Breakout rooms let you split participants into smaller groups for focused discussions, then bring everyone back together. Each breakout room is a separate, isolated space where participants can only see and hear others in their room.
Before your session: Run System Check to ensure everything is working.
When to Use Breakouts
Great for:
- Small group discussions (3-6 people)
- Brainstorming sessions
- Peer feedback exercises
- Team activities within larger sessions
Consider audio zones instead if:
- You have fewer than 8 participants
- You need to see all participants on one canvas
- You want fluid movement between groups
- The activity is very short
See Audio Zones Explained for an alternative approach.
How Breakout Rooms Work
When you activate breakout rooms:
- Separate boards are created for each breakout room
- Participants are assigned to rooms (randomly or via lobby)

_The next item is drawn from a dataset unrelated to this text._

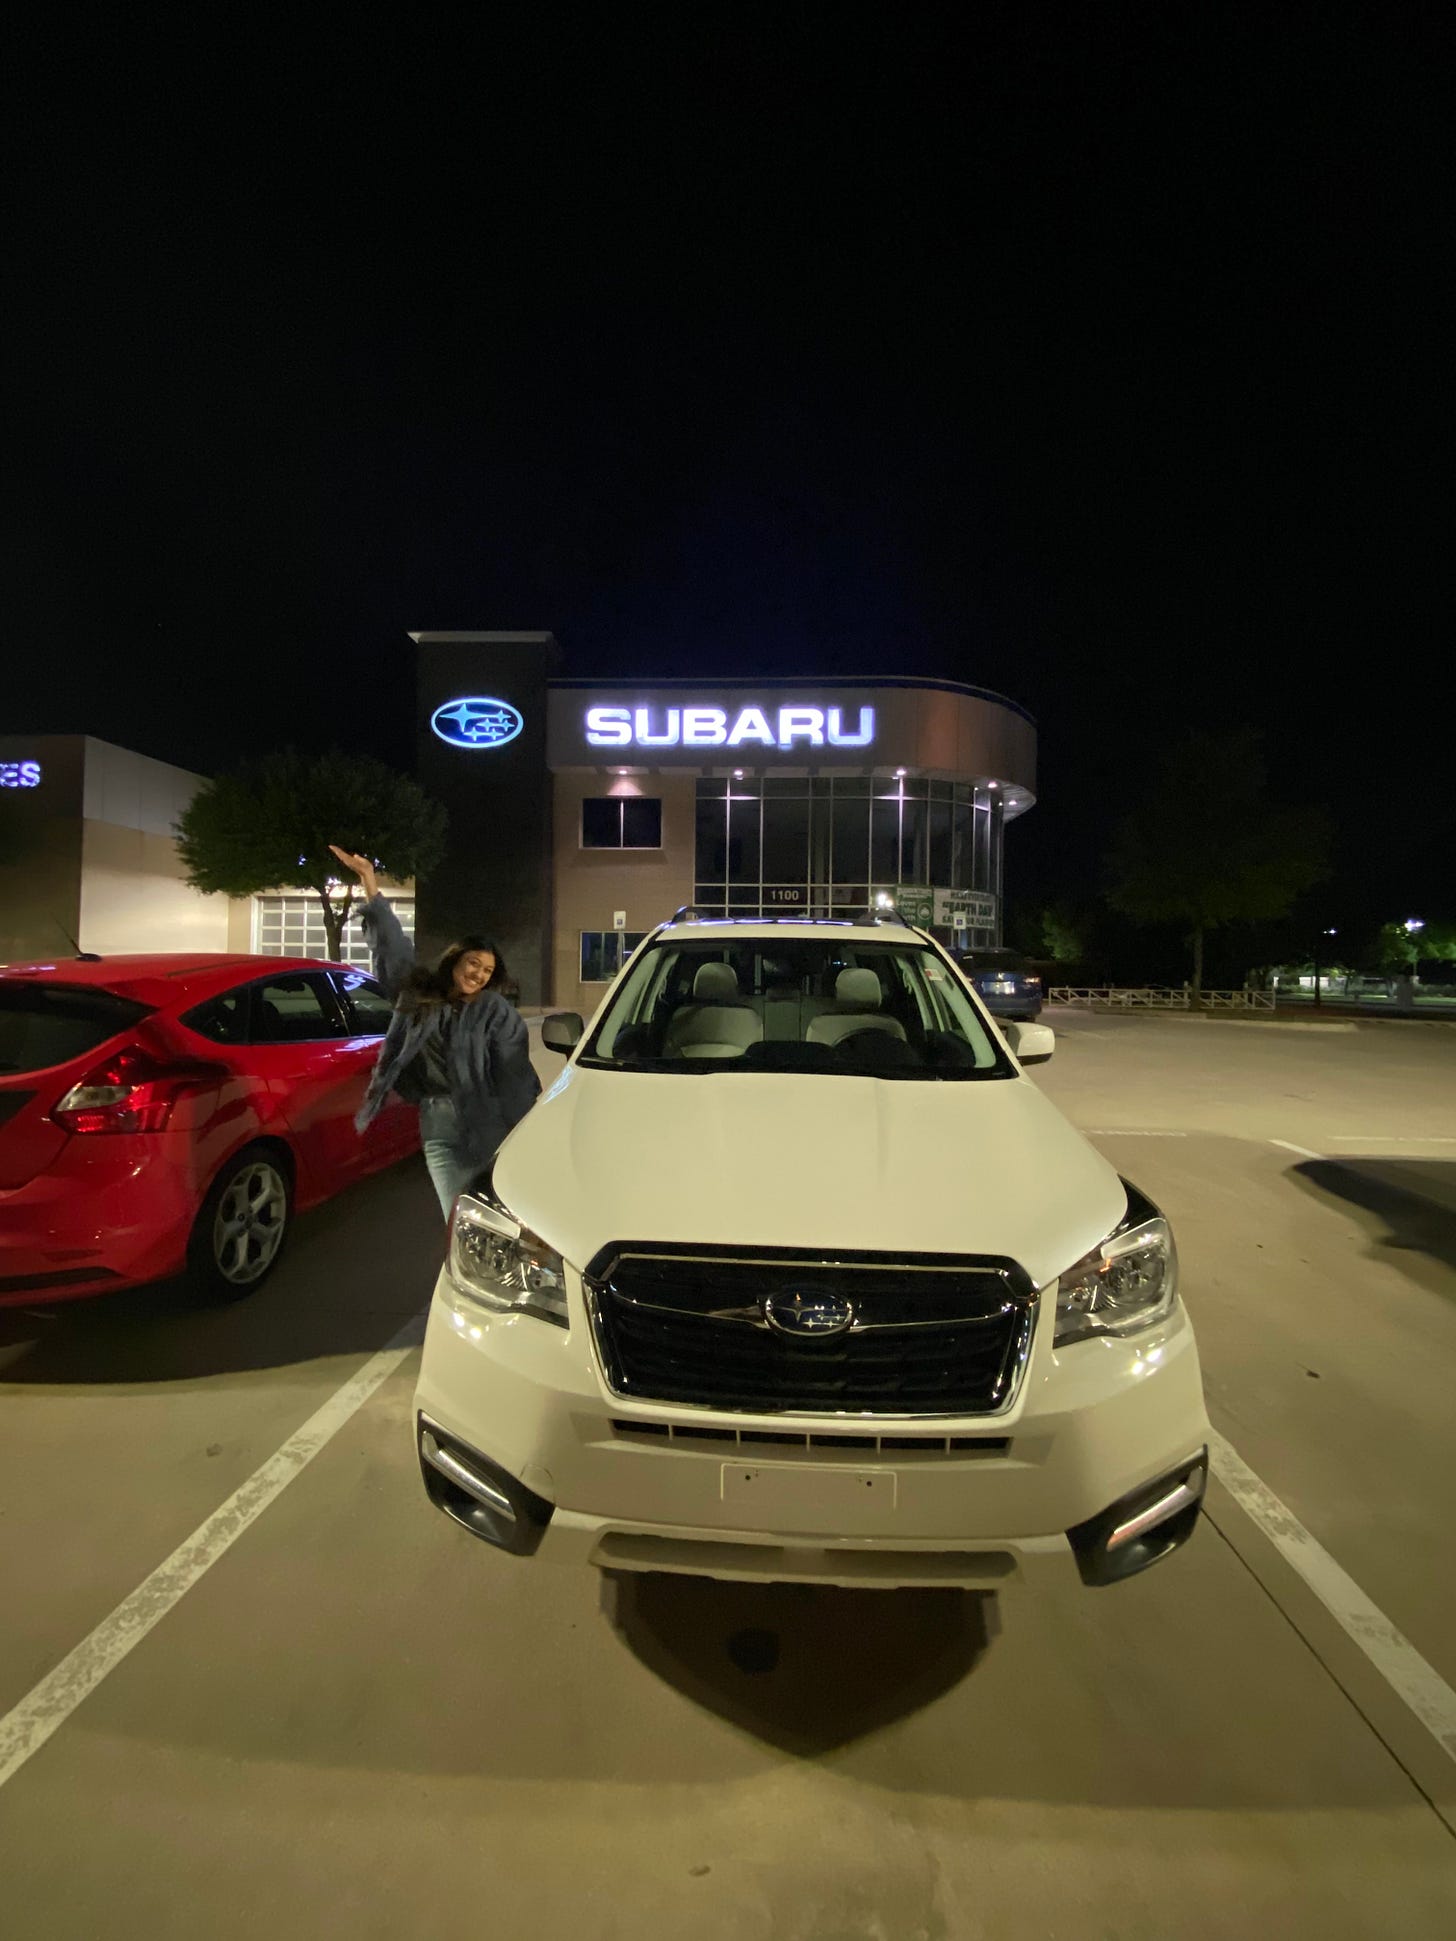 Sam poses next to her Subaru at the dealership

- Each room is isolated - participants only see and hear others in their room
- Facilitators can visit any room to check in
- When closed, everyone returns to the main space
Assignment Methods
Kolab offers two assignment methods:
Random Assignment
Participants are automatically distributed across rooms.
Best for:
- When you want mixed groups
- Quick setup without manual work
- Groups where composition doesn't matter
How it works:
- Specify the number of rooms
- Kolab distributes participants evenly
- Participants are immediately assigned when breakout starts
Lobby Start
Everyone starts in a lobby, and the facilitator assigns participants manually.
Best for:
- When specific groupings matter
- Pre-planned team compositions
- Situations where you need control over who works together
How it works:
- All participants start in a lobby
- You see all participants and all rooms
- Assign participants to rooms one by one
- Participants move to their assigned room
Setting Up Breakout Rooms
Creating a Breakout Session
- Open the Tools menu
- Select Breakout Rooms
- Configure your session:
- Number of rooms: How many groups you want
- Assignment method: Random or Lobby
- Timer (optional): Set a duration for the session
- Click Create or Start
Naming Rooms
You can give rooms custom names to help participants understand their purpose:
- Default names: "Breakout #1", "Breakout #2", etc.
- Custom names: "Team Alpha", "Topic A", "Blue Room"
To rename a room:
- Click on the room title in the admin view
- Type the new name
- The name updates for all participants
Running the Breakout Session
Before Starting
- Announce what's happening: "You're about to be moved to breakout rooms..."
- Give the prompt: "In your groups, discuss..."
- Set expectations: "You'll have about 10 minutes"
During Breakouts
As a facilitator, you can:
- Visit any room: Click on a room to join it and check in
- See room status: View how many participants are in each room
- Close the session: Return everyone to the main space
Tips:
- Visit each room briefly at the start to ensure people are engaging
- Don't hover too long - your presence changes the dynamic
- Trust the process - most groups figure it out
Ending Breakouts
- When ready, click Close Breakout Tool
- All participants return to the main space
- Give people a moment to reorient
- Debrief: "What did you discuss?"
Timer Feature
You can set an optional timer when creating breakout rooms:
- Timer displays the remaining time
- When time expires, the session can auto-close (if configured)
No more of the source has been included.